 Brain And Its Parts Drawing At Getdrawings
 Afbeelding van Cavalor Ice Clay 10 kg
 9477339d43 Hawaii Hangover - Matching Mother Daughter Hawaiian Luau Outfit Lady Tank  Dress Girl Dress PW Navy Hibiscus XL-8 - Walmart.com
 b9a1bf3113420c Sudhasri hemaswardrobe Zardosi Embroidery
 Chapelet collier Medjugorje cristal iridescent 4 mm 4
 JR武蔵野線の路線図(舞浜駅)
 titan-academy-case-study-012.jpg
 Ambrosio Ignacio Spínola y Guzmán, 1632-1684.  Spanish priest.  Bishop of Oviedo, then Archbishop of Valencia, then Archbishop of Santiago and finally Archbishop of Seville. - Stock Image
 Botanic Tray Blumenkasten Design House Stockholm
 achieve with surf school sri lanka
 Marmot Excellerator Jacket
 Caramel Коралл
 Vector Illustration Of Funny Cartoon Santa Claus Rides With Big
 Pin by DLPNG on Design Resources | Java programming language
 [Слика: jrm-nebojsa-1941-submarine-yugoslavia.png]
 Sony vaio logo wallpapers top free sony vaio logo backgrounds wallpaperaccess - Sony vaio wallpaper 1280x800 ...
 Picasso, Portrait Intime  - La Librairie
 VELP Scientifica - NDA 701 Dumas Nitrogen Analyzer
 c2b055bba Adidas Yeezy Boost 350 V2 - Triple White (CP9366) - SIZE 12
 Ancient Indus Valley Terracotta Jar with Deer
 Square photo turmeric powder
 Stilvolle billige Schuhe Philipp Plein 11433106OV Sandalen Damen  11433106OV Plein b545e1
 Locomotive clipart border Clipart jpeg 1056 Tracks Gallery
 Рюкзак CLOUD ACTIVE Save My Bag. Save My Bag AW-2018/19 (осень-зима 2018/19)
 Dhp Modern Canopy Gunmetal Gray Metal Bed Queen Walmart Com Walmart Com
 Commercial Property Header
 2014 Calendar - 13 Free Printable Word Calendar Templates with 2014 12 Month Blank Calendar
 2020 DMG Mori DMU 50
---+---
[Task directions] Each record must be transcribed exactly, with nothing left out.

[Exercise solution]
 Brain And Its Parts Drawing At Getdrawings
 Afbeelding van Cavalor Ice Clay 10 kg
 9477339d43 Hawaii Hangover - Matching Mother Daughter Hawaiian Luau Outfit Lady Tank  Dress Girl Dress PW Navy Hibiscus XL-8 - Walmart.com
 b9a1bf3113420c Sudhasri hemaswardrobe Zardosi Embroidery
 Chapelet collier Medjugorje cristal iridescent 4 mm 4
 JR武蔵野線の路線図(舞浜駅)
 titan-academy-case-study-012.jpg
 Ambrosio Ignacio Spínola y Guzmán, 1632-1684.  Spanish priest.  Bishop of Oviedo, then Archbishop of Valencia, then Archbishop of Santiago and finally Archbishop of Seville. - Stock Image
 Botanic Tray Blumenkasten Design House Stockholm
 achieve with surf school sri lanka
 Marmot Excellerator Jacket
 Caramel Коралл
 Vector Illustration Of Funny Cartoon Santa Claus Rides With Big
 Pin by DLPNG on Design Resources | Java programming language
 [Слика: jrm-nebojsa-1941-submarine-yugoslavia.png]
 Sony vaio logo wallpapers top free sony vaio logo backgrounds wallpaperaccess - Sony vaio wallpaper 1280x800 ...
 Picasso, Portrait Intime  - La Librairie
 VELP Scientifica - NDA 701 Dumas Nitrogen Analyzer
 c2b055bba Adidas Yeezy Boost 350 V2 - Triple White (CP9366) - SIZE 12
 Ancient Indus Valley Terracotta Jar with Deer
 Square photo turmeric powder
 Stilvolle billige Schuhe Philipp Plein 11433106OV Sandalen Damen  11433106OV Plein b545e1
 Locomotive clipart border Clipart jpeg 1056 Tracks Gallery
 Рюкзак CLOUD ACTIVE Save My Bag. Save My Bag AW-2018/19 (осень-зима 2018/19)
 Dhp Modern Canopy Gunmetal Gray Metal Bed Queen Walmart Com Walmart Com
 Commercial Property Header
 2014 Calendar - 13 Free Printable Word Calendar Templates with 2014 12 Month Blank Calendar
 2020 DMG Mori DMU 50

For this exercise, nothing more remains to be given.